I’m still thinking about the whole elder blogging thing, and the What Am I Doing With This Site? of it all; it’s an ongoing process, a problem that — unlike so many other problems — is neither serious nor pressing, and therefore fun to play with and return to when possible. Reading the Wim Wenders book fueled my desire to explore this site as a place for, as Warren Ellis recently put it, “not fully baked notions.”
There’s a quote that I utterly misremembered from roughly the same era as when I discovered the Wenders book that applies here, from designer April Greiman: “To feel lost is so great.” It’s the idea that the act of discovery and re-evaluation and the improvisation that comes from being forced to abandon routine, even good routine.
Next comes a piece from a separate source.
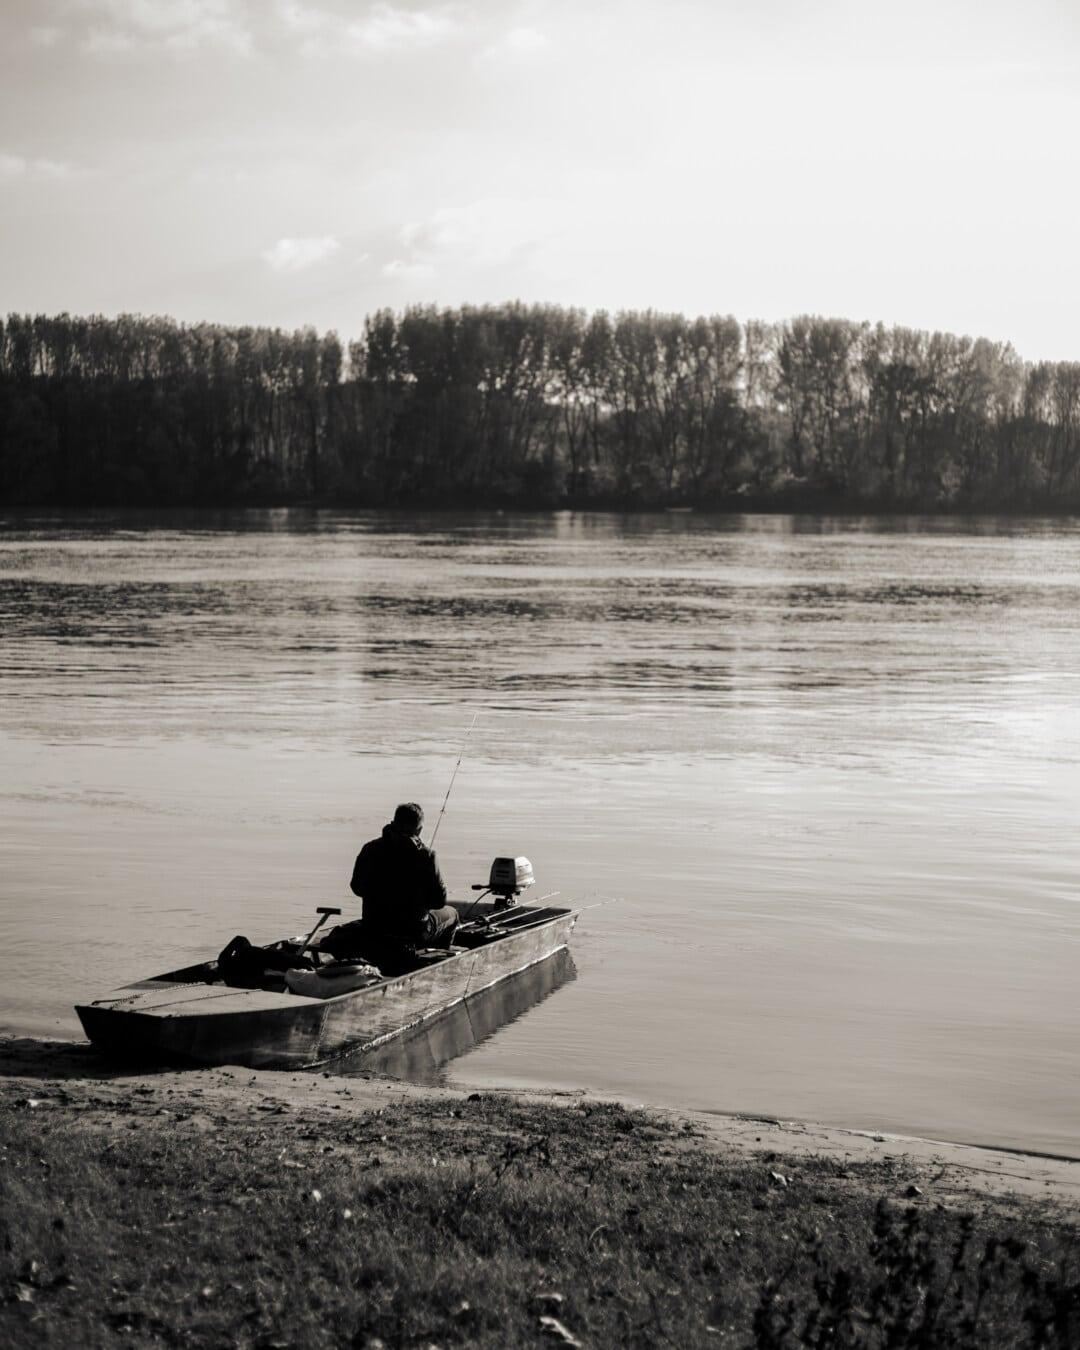 barco de pesca, pescador, blanco y negro, monocromo, caña de pescar, orilla del río, Río, pesca, barco por el río, personas

When I first read that line, I loved it and was afraid of it — being lost wasn’t great, it’s scary, but at least someone finds this value in this horrible situation.
As I’ve gotten older (and lived more, failed more and come to accept and perhaps even appreciate the limits of my own experience), my read on that line has changed, and I’ve come to embrace the potential and possibility that comes with being out of my depth. Yes, there’s a lot I have to learn, still, but there’s something exciting and exhilarating in that process just as there’s something exhausting and terrifying. There’s something to be said for not having answers and showing your working and learning in public. (In some areas, at least.)
Perhaps the point of having a space like this is to be lost, and to share the thoughts we have as we try to find ourselves.